---------- Records for this exercise
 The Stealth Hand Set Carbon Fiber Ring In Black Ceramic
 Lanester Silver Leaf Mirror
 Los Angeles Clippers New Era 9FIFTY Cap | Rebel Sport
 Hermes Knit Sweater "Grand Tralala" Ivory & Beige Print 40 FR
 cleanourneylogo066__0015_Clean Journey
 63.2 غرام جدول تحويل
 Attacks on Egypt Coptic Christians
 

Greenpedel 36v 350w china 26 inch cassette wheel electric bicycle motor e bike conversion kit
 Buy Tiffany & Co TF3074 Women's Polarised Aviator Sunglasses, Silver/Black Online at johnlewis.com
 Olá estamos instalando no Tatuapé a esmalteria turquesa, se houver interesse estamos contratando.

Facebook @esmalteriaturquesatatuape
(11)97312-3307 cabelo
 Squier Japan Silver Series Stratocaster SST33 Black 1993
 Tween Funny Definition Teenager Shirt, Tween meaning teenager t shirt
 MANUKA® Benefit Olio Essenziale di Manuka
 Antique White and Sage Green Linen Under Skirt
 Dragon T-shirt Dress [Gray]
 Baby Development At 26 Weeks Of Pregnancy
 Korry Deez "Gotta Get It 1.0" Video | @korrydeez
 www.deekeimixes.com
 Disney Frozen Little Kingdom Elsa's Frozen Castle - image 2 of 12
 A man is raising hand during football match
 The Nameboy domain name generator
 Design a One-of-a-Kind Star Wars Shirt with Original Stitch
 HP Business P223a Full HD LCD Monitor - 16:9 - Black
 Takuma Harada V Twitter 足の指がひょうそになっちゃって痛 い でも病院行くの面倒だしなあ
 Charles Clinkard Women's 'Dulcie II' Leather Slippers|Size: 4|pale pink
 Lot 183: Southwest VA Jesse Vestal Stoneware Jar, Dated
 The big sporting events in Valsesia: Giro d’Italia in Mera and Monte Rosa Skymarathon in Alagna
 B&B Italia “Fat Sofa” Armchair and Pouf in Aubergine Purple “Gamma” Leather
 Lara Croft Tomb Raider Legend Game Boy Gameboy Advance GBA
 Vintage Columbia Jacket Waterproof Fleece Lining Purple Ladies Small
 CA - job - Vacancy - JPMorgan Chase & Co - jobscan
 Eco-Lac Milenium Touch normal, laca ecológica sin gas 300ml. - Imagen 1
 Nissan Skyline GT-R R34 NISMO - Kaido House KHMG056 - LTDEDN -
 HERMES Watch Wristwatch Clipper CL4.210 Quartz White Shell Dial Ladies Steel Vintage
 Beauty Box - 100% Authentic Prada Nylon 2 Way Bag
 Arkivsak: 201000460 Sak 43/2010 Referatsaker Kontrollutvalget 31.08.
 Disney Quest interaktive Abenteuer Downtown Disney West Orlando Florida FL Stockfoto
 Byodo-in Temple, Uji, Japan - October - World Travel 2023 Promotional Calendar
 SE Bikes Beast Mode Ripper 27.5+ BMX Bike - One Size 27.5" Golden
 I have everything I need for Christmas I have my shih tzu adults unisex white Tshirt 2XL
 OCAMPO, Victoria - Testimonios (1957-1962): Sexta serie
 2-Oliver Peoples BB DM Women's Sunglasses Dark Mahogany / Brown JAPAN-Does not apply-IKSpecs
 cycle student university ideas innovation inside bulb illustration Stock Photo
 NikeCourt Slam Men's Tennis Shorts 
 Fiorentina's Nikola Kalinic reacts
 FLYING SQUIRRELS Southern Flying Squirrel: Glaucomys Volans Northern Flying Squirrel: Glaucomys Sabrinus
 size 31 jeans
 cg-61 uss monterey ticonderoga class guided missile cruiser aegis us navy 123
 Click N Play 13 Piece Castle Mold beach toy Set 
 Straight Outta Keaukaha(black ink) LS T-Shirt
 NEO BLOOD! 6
--------------------
### Your instructions
Note down each line above where the word "Leather" occurs.

### Exercise output
 Charles Clinkard Women's 'Dulcie II' Leather Slippers|Size: 4|pale pink
 B&B Italia “Fat Sofa” Armchair and Pouf in Aubergine Purple “Gamma” Leather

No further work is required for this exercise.